In the entries below, begin at the line with "Epic Art 'Cyber" and stop after the line with "NANUK 910 First"; output those lines exactly and omit the pictures.

──────── Source data

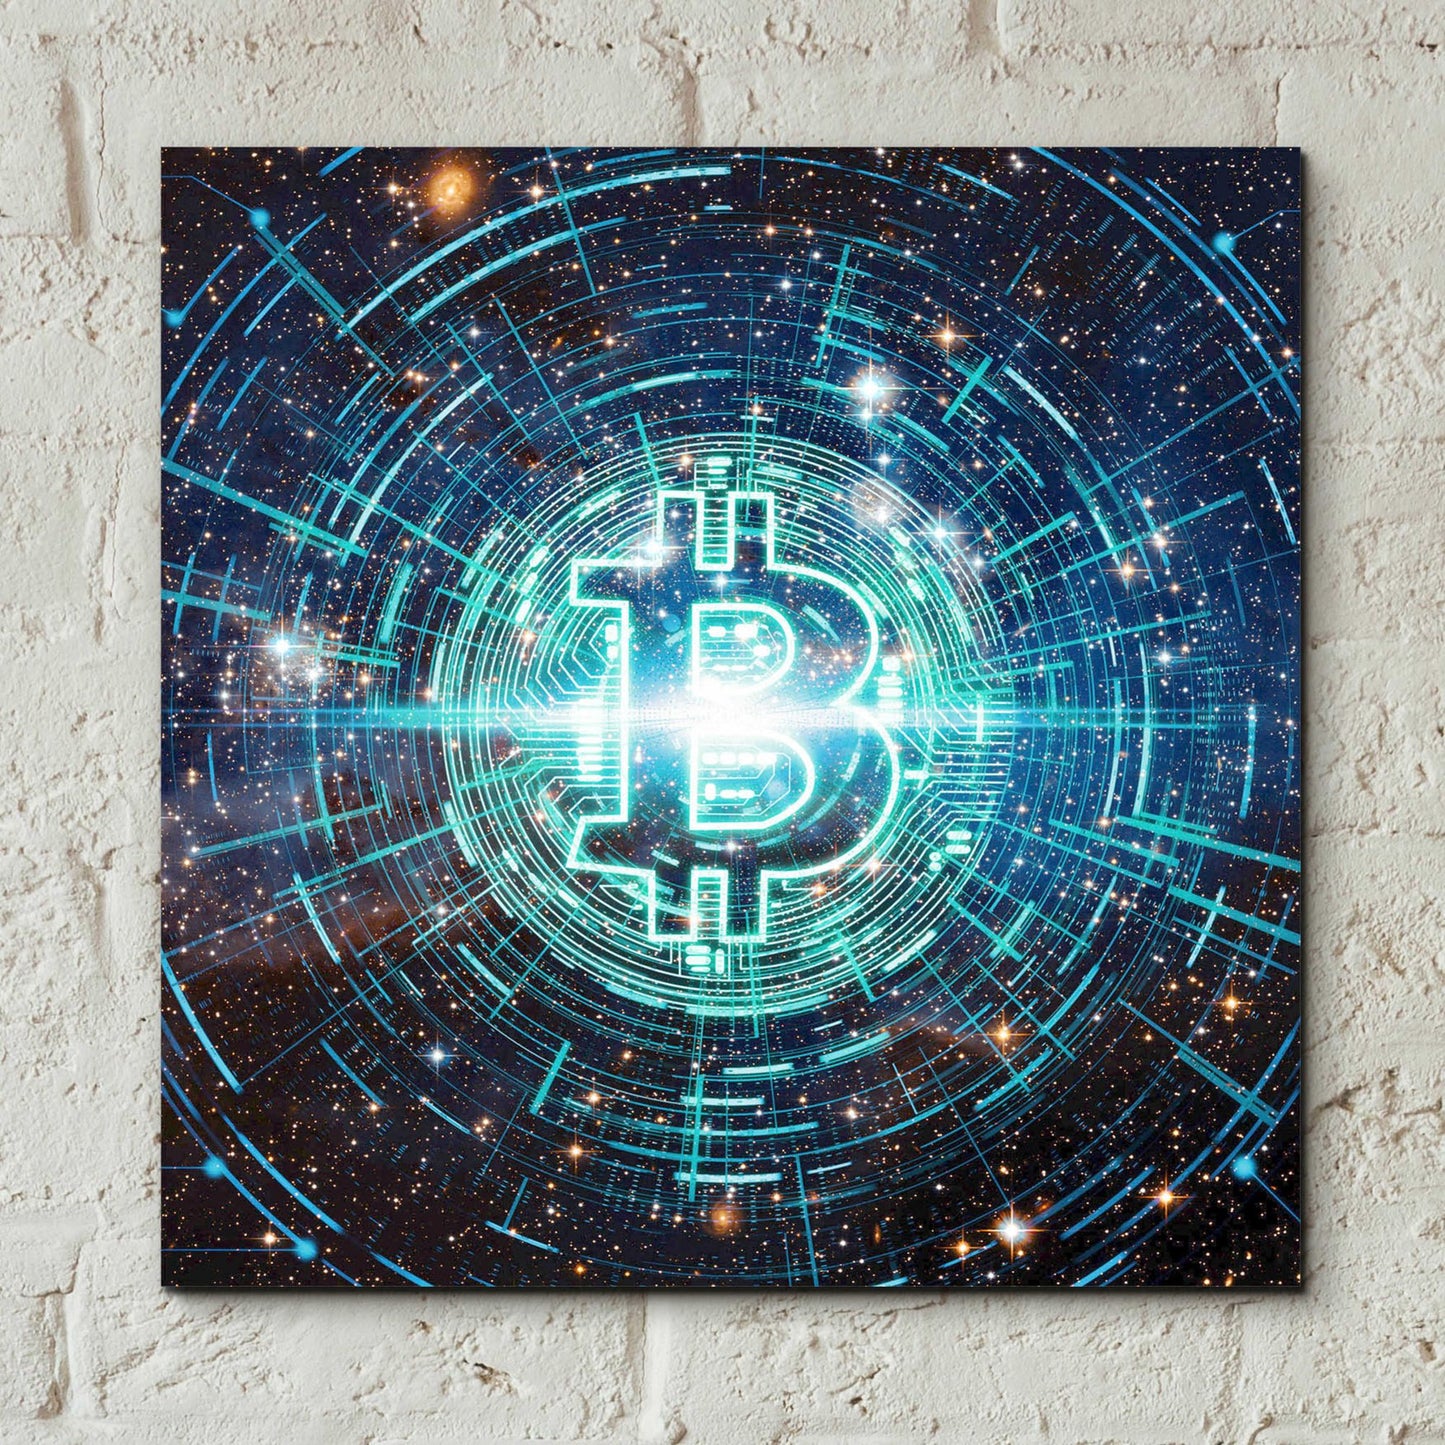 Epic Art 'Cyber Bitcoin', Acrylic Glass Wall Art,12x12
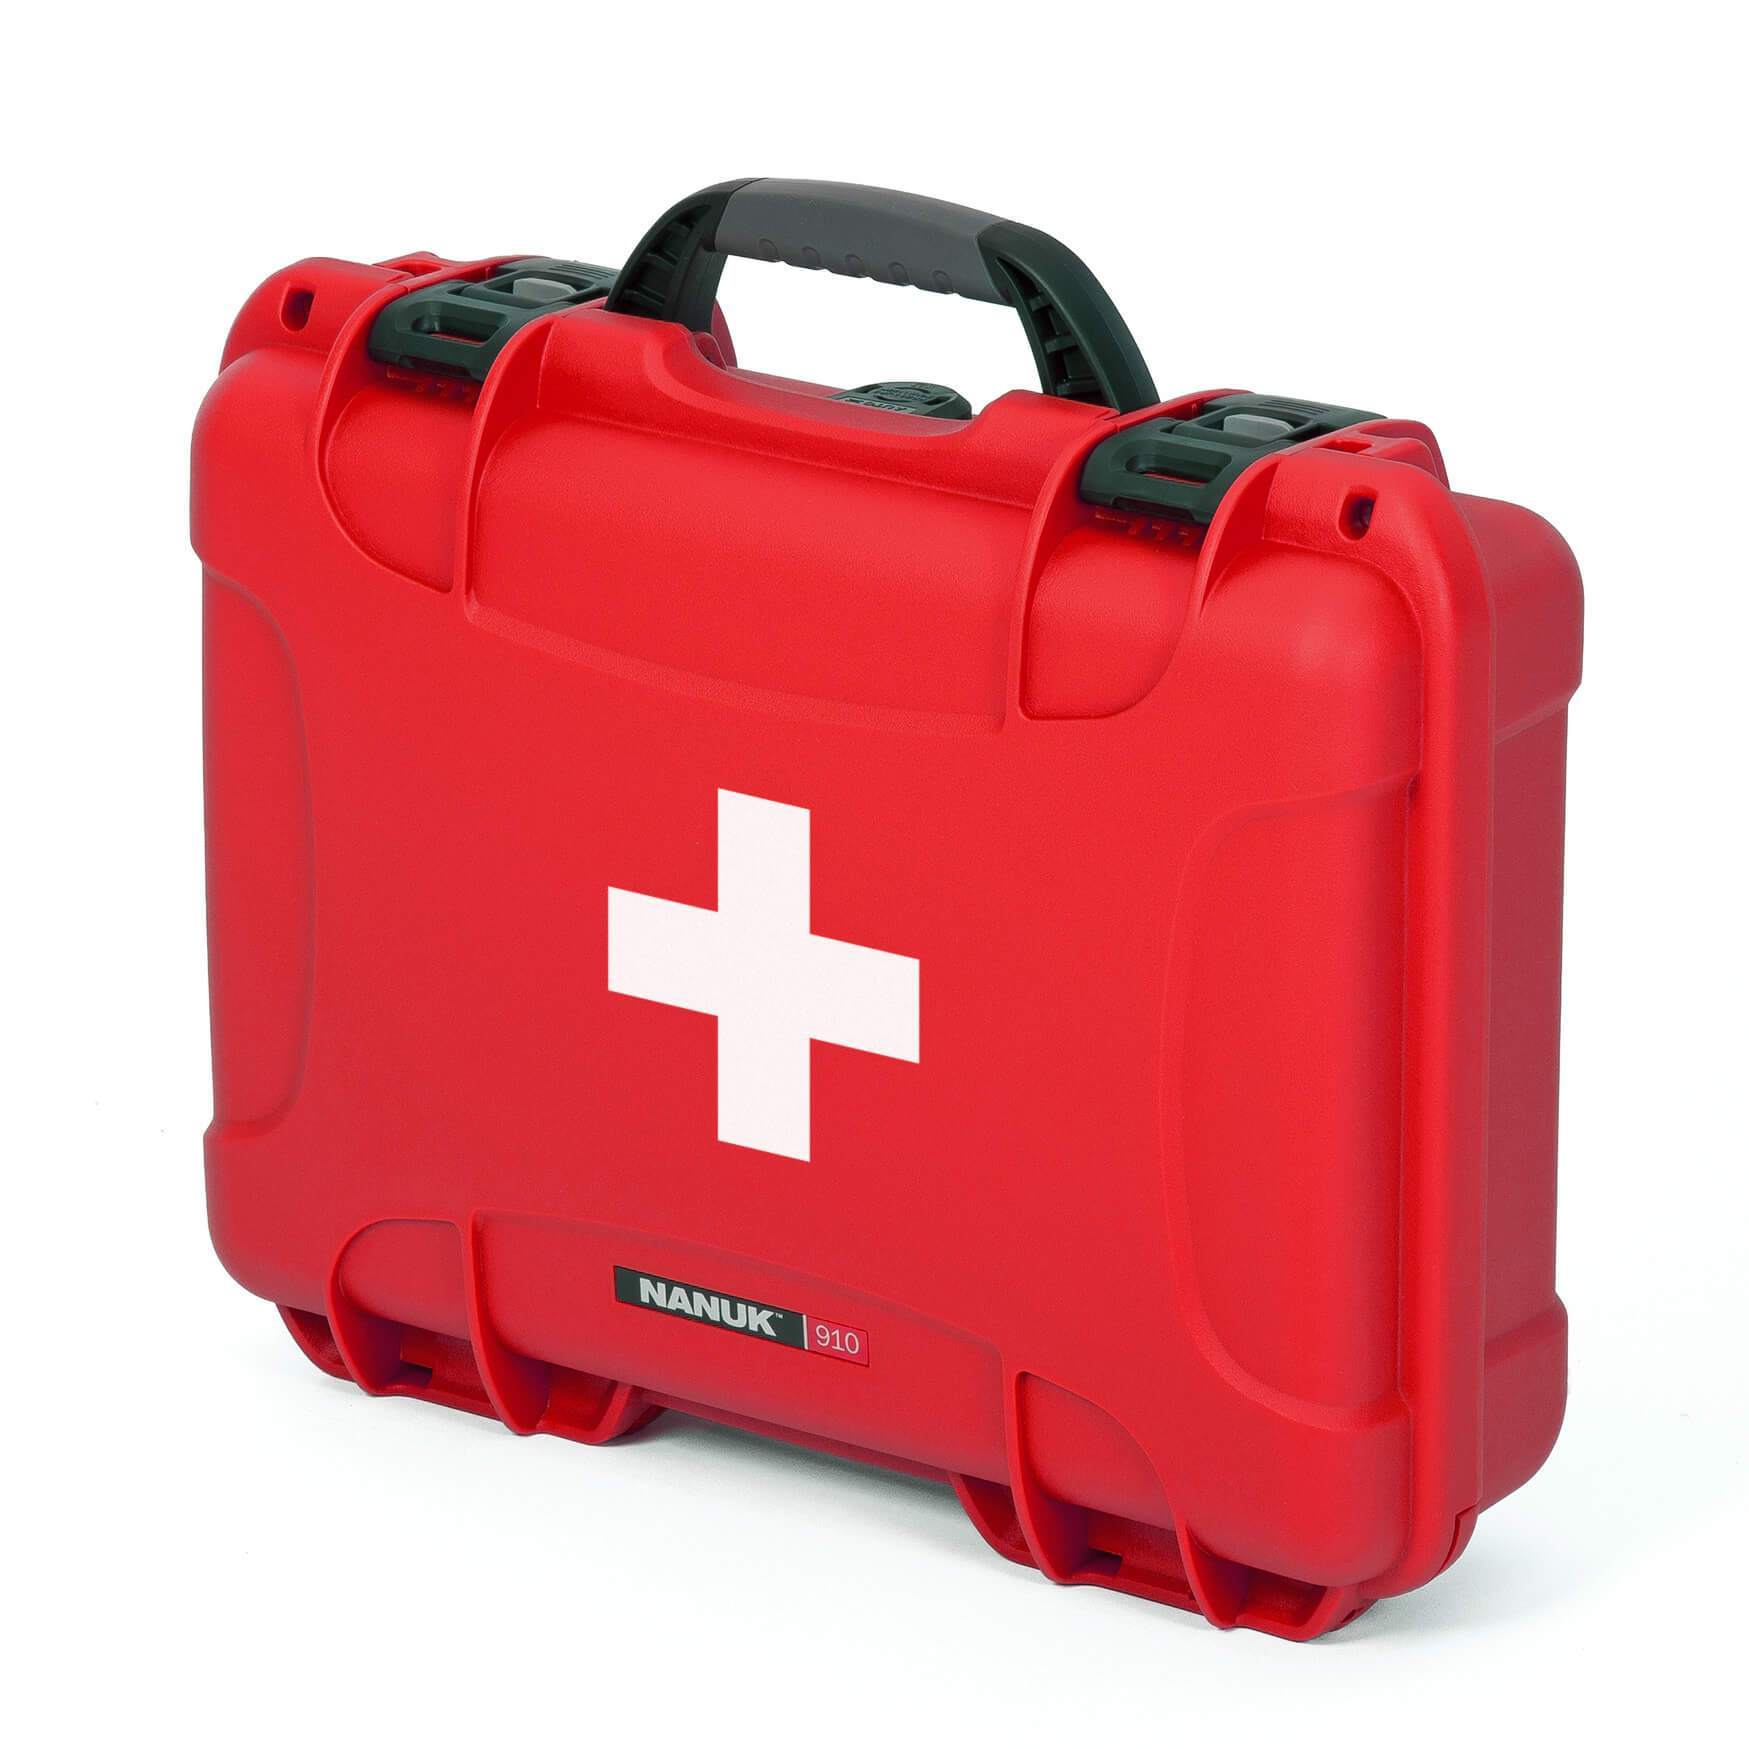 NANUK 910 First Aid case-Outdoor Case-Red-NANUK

────────────────
──────── Source data

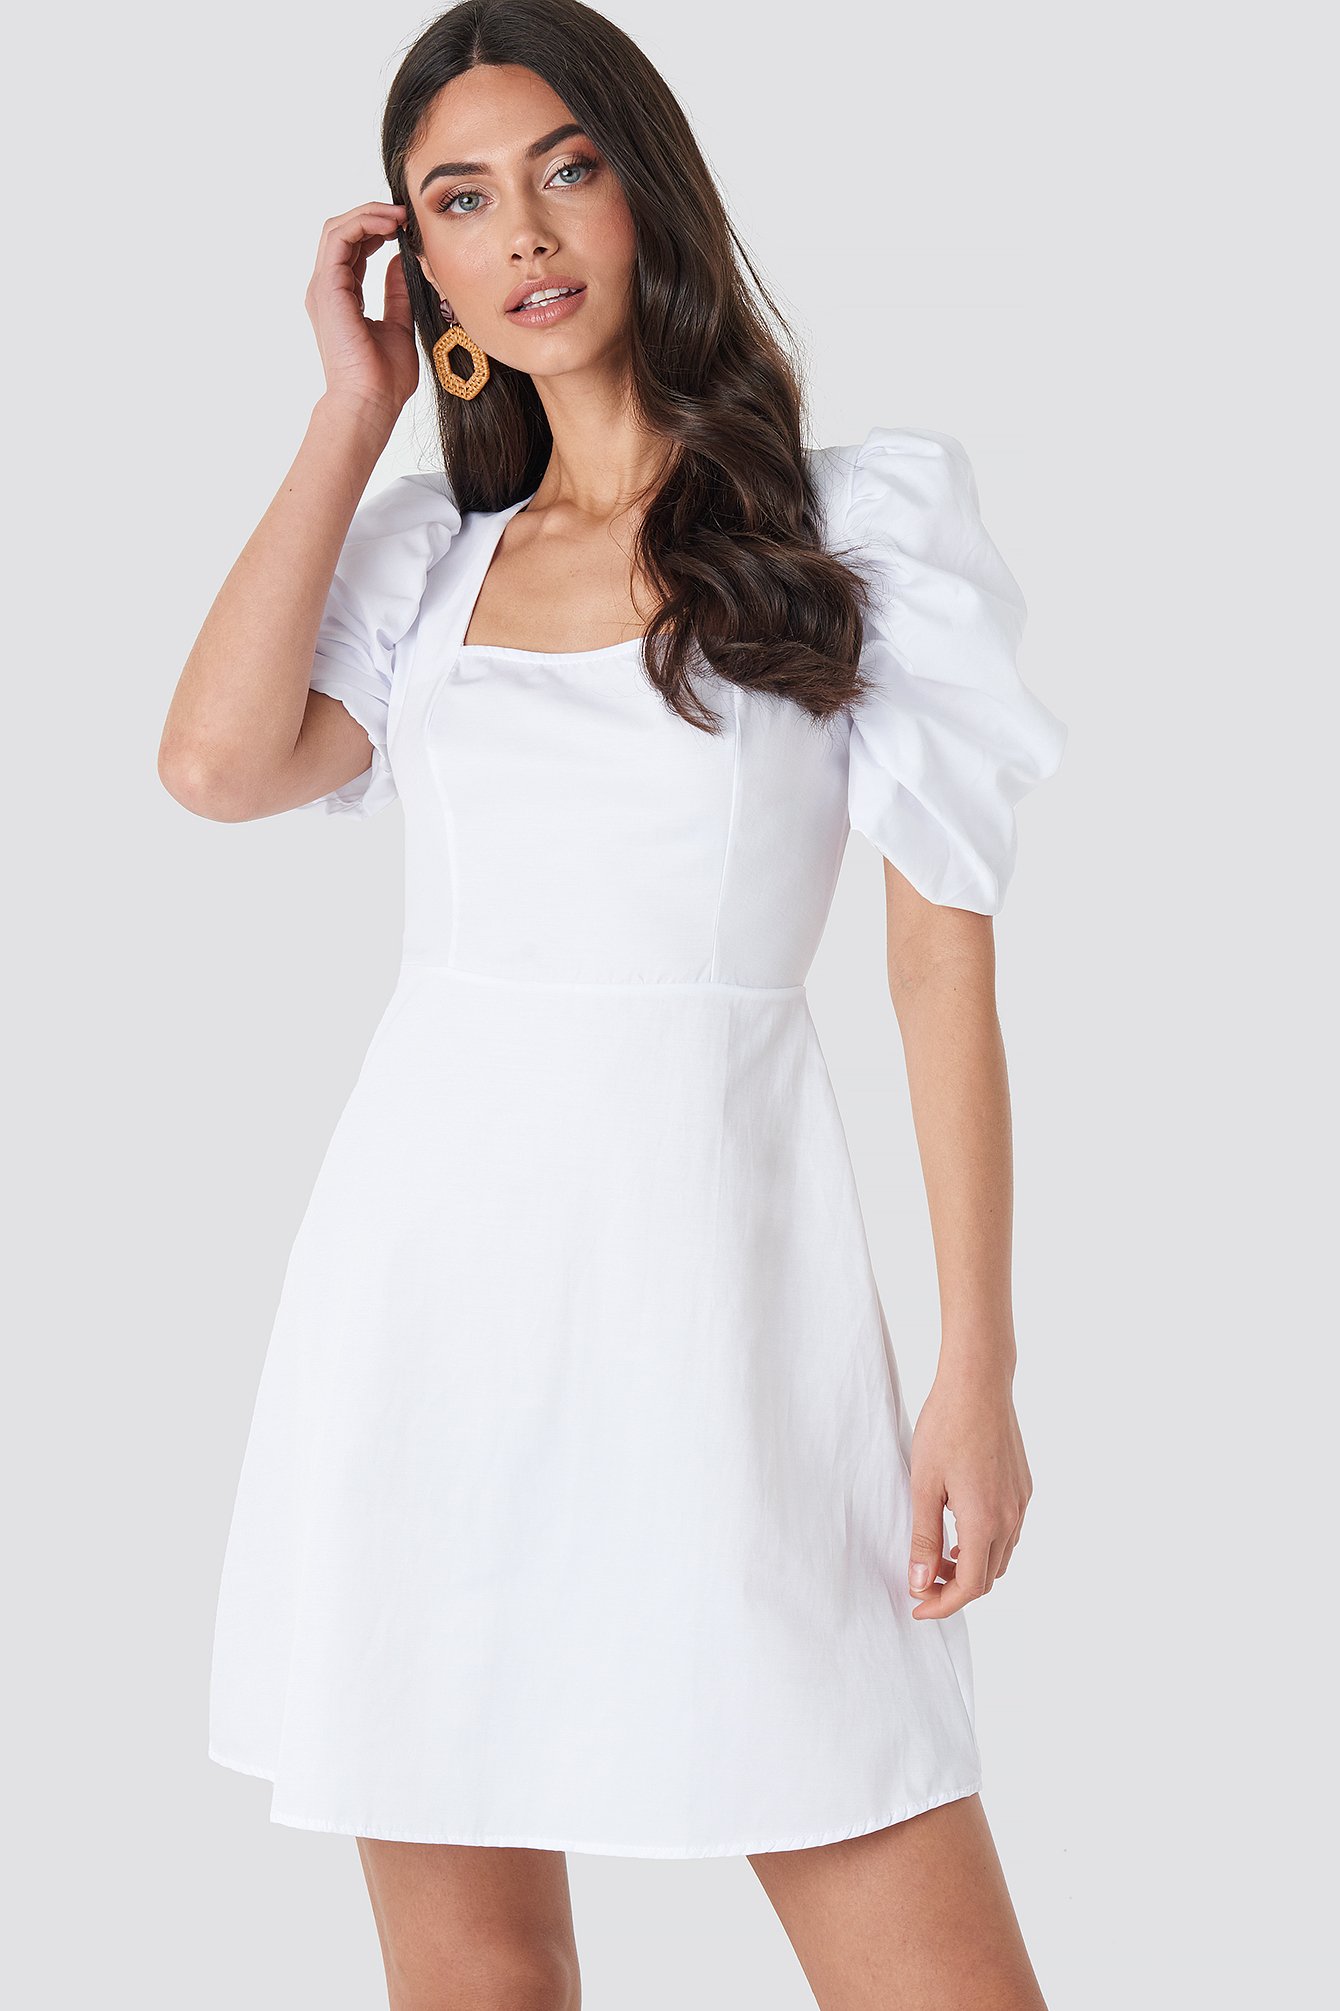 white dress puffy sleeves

────────────────
──────── Source data

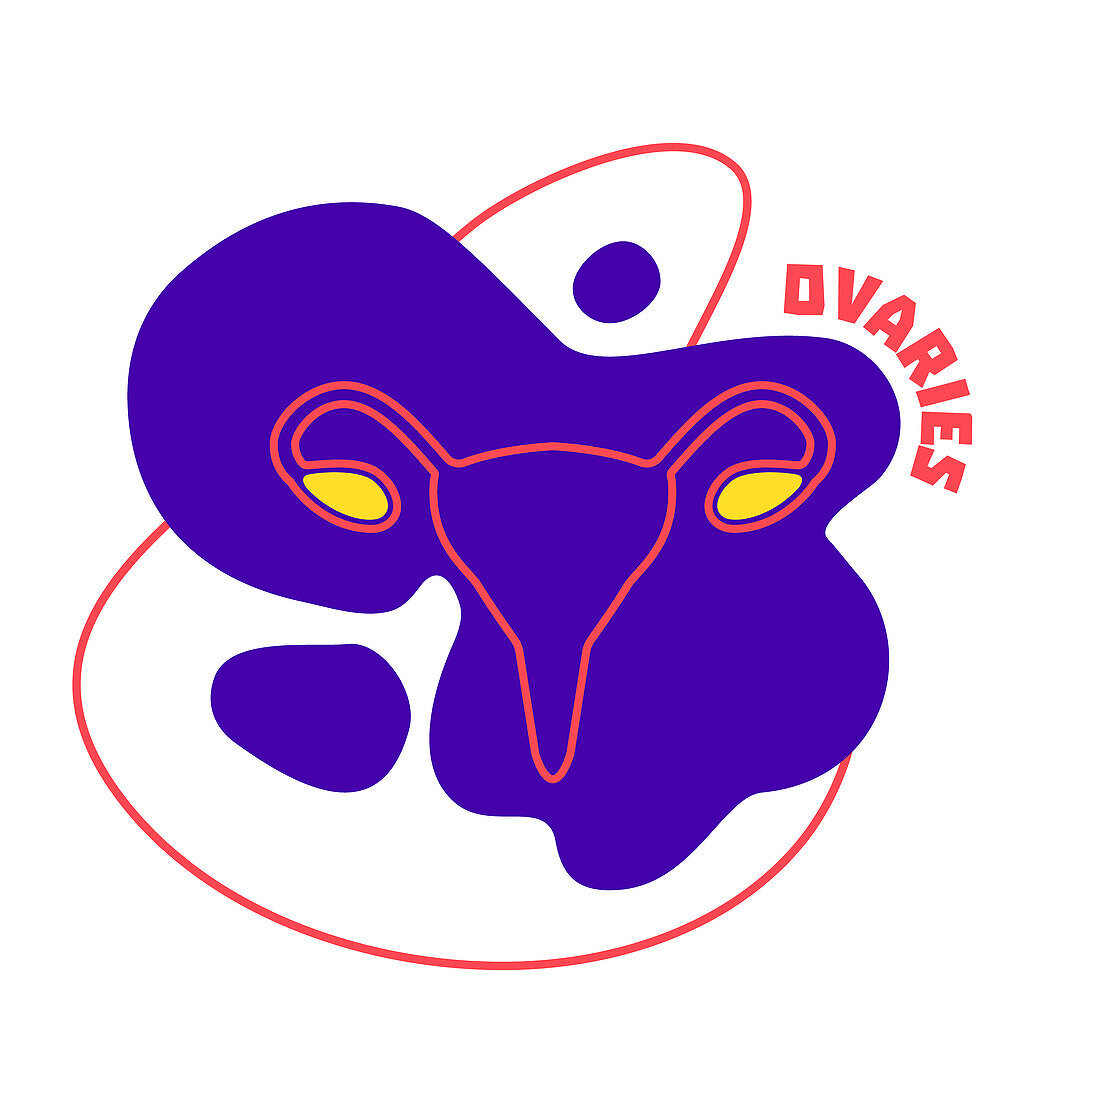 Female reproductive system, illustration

────────────────

* _Your response_
 Epic Art 'Cyber Bitcoin', Acrylic Glass Wall Art,12x12
 NANUK 910 First Aid case-Outdoor Case-Red-NANUK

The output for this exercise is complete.